Future vehicles and their structures, however, will have to be lighter and lighter, and this means already an intrinsic reduction of safety when crashing with a heavier crash counterpart. Moreover, new structural concepts will need to be more and more designed with a circular use of materials in mind, and structures with mixed light materials and related manufacturing concepts (including casting and 3D printing of complex shapes, for instance in energy absorbers or highly integrated structural components) will be widely different from today’s mostly sheet steel based concepts. Advanced testing on crash, toughness, fracture and fatigue of new materials and concepts should be performed where relevant. A smart integration of these concepts are expected to lead the demonstration of a more sustainable and safe body-in-white with at least a 10% weight reduction on already achieved results for multimaterial research structures.

In this context, the proposed actions should analyse the crash scenarios of the future, considering active safety devices but also their potential failure and the fact that for a long time there will be a mixed traffic situation where automated and semi-automated vehicles will share the road with normal “manually driven” vehicles and all types of unprotected road users.

This requires a new way of conceiving structures and their components, to ensure that all requirements are met at the same time and to further increase safety by including vehicle compatibility concept, like harmonised rigidity between light and heavy vehicles, so that the heavy vehicle helps the more vulnerable one in absorbing the impact energy. Standardised positions for crash absorbing elements should be addressed to ensure the best engagement scenarios, as well as multi-angle optimisation, to avoid that structures are optimised only for the exact test cases in regulation or in EuroNCAP tests. A significant number of crash tests is expected to be performed for validating the different scenarios.

Area B –Safe human-technology interaction in the future traffic system

Another challenge for the safety in future transport systems and services is the ever growing and intensified human interaction with ubiquitous digital content. The overload of various kinds of information from multiple sources can lead to increased driver or unprotected road user distraction and have negative impacts on road safety.

Human machine interfaces (HMI) with adaptive characteristics continue to be developed and new functionalities are continuously added, yet the impacts of those systems on the behaviour of drivers and other road users are not sufficiently known. Further research on the effects of such technologies in road transport safety is required.

These adaptive HMI systems can support a wide range of traffic users and could be included in scenarios based on the mixed traffic and accidentology where needed. As such the applications are not limited to higher levels of vehicle automation. Therefore, they need to consider a wide variation of human capabilities and reactions as well as long-term mental and physical capacities (including disabilities and disorders) and instantaneous limitations in capabilities (collapse, illness, drowsiness, etc.).

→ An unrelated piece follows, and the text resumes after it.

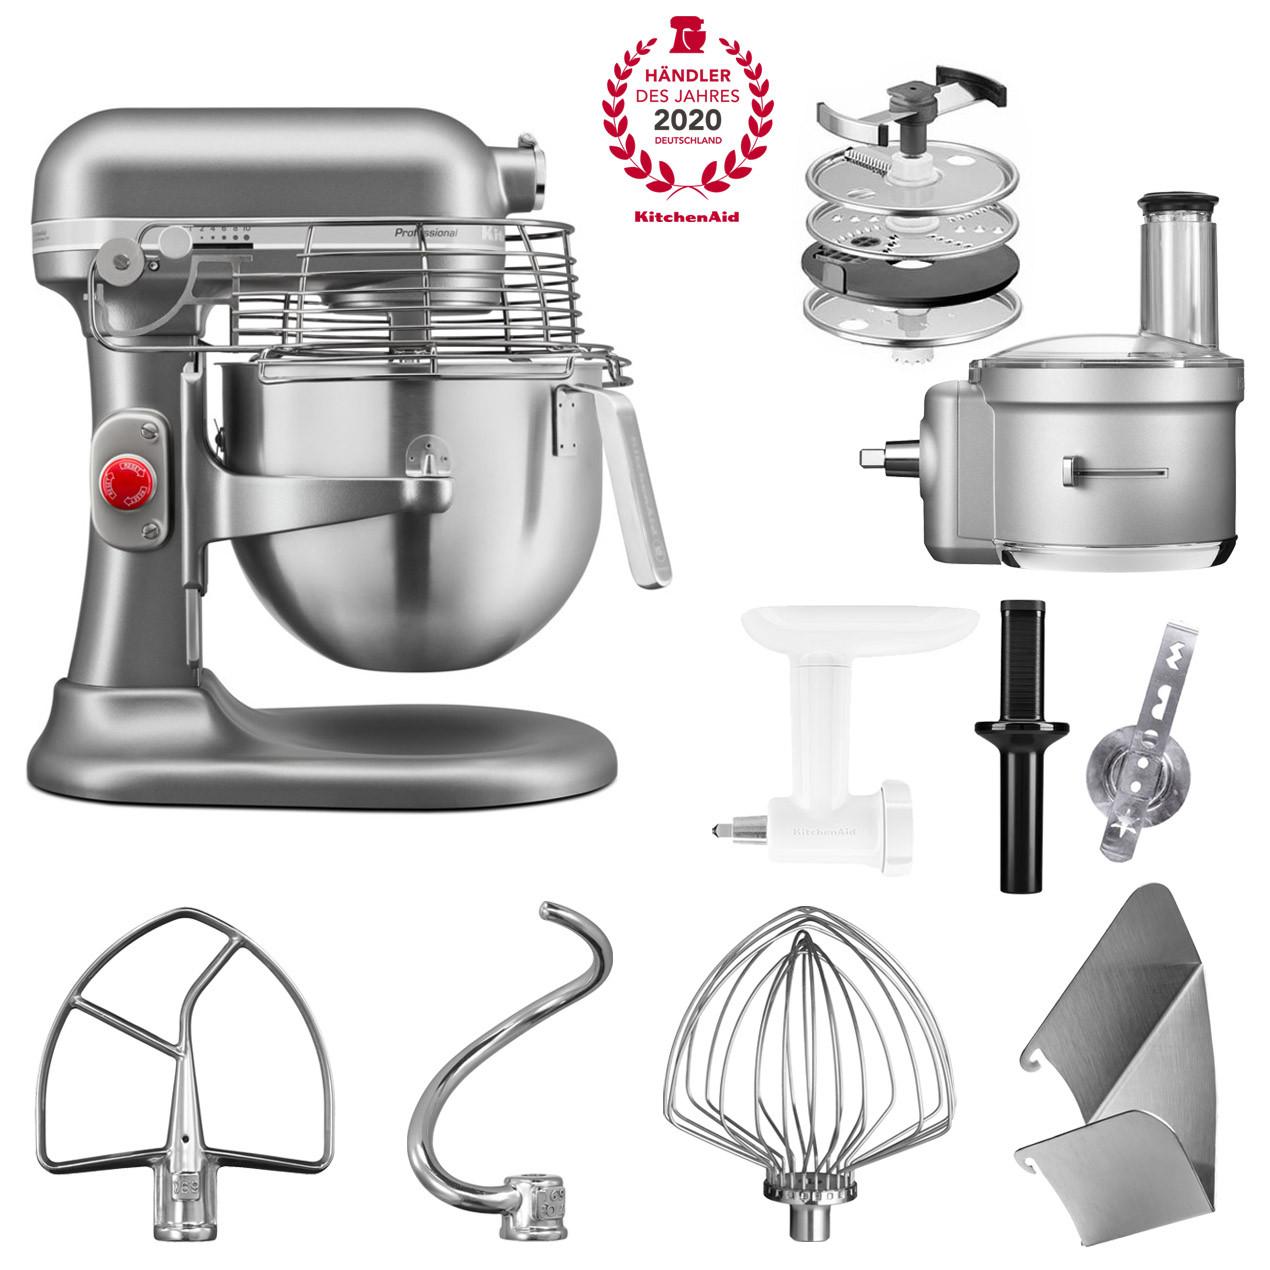 KitchenAid Artisan Küchenmaschine 6,9l PROFESSIONAL silber 5KSM7990XESL + Foodproc. + Fleischwolf

In particular, the following aspects should be considered by future research:

• Design and development of intuitive, understandable, non-distracting and reliable adaptive interfaces for human-technology interaction in road vehicles minimising training needs for safe usage.
• Develop concepts of external interfaces, also considering the characteristics (for instance speed, direction) that are possible to interpret and understand by all road users.
• Understand long-term effects (physical and mental), potential risks and possible benefits for road users exposed to and actively using adaptive HMI technologies, and propose means to improve or maintain road user performance in terms of safety.
• Development of safety validation methods for new adaptive HMI technologies.

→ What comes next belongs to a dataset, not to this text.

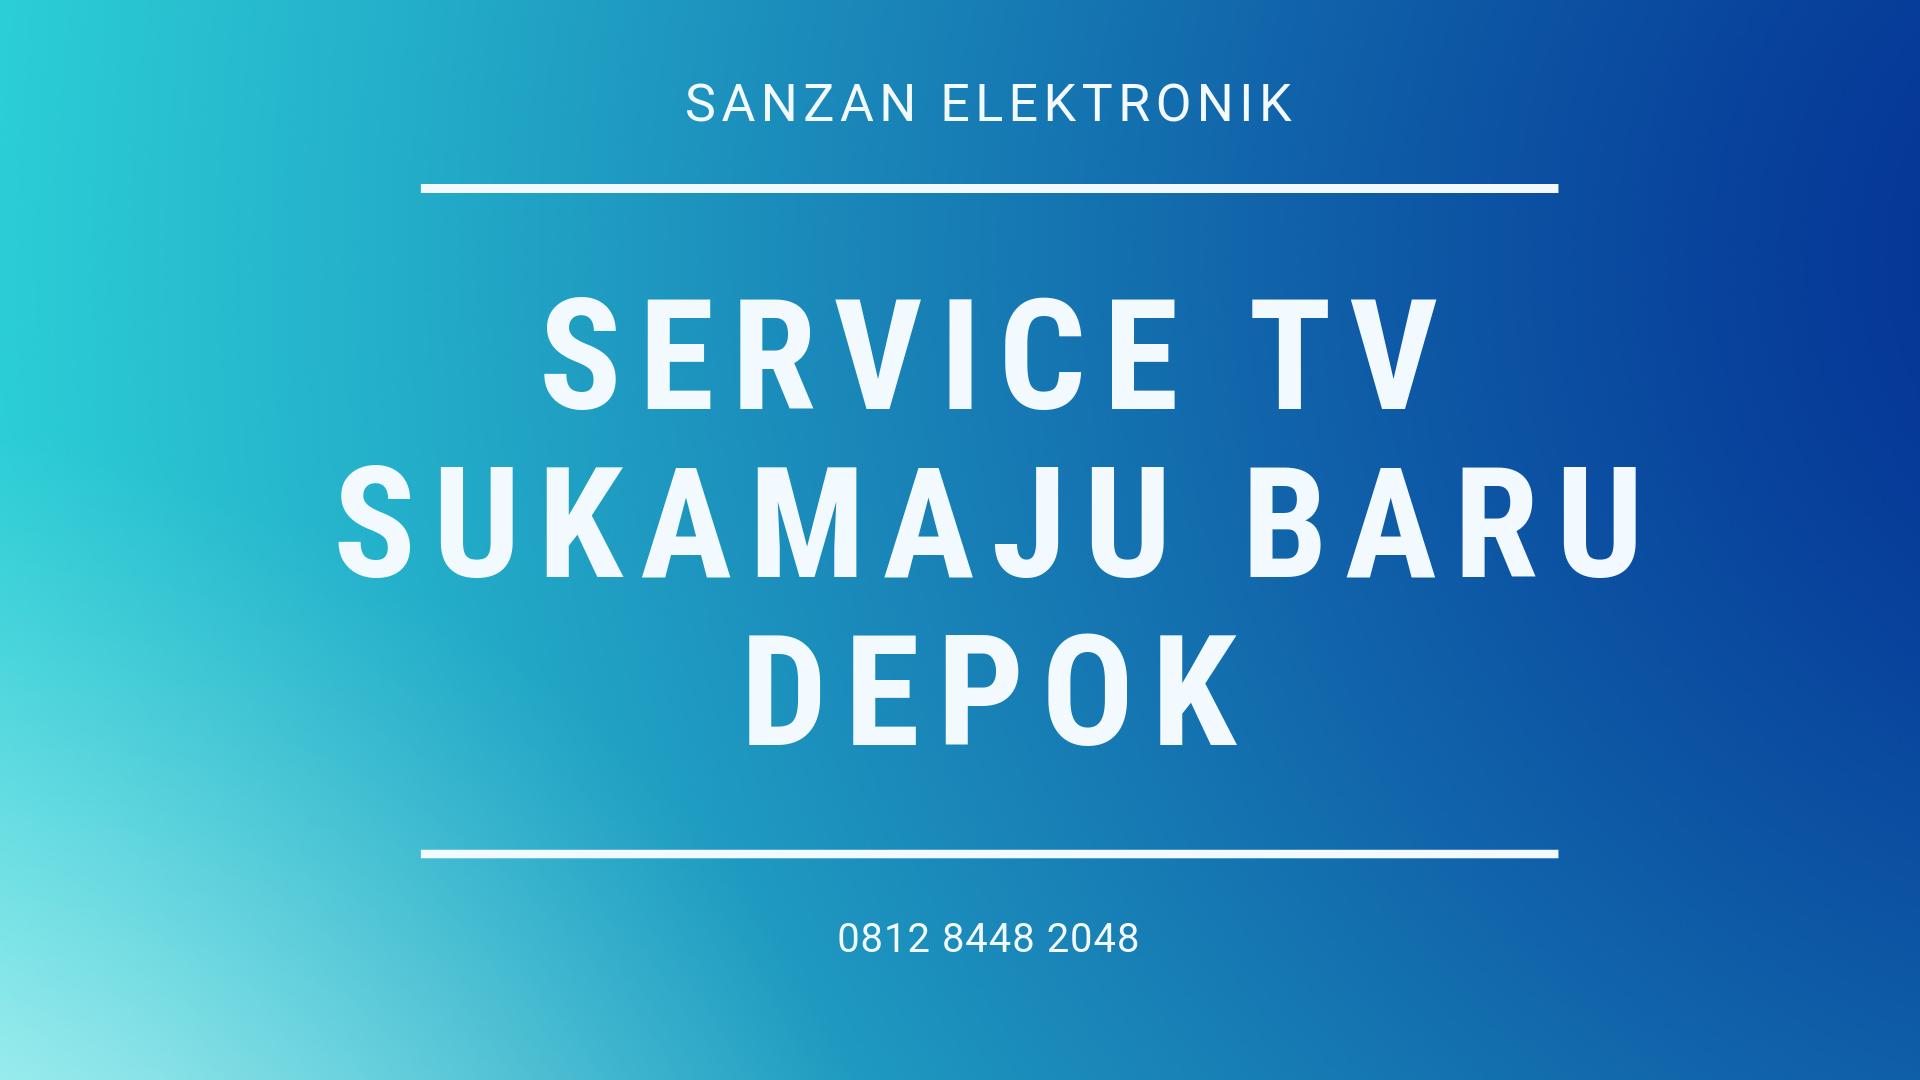 Service TV Sukamaju Baru Depok

While this topic is open to research on all human-technology interaction in the road transport system, specific issues of the interaction of highly automated vehicles with their occupants and other road users are covered in topic HORIZON-CL5-2022-D6-01-02.

Typically, projects should have a duration of 36 to 48 months. Nonetheless, this does not preclude submission and selection of proposals requesting other amounts or durations.

Social innovation is recommended when the solution is at the socio-technical interface and requires social change, new social practices, social ownership or market uptake.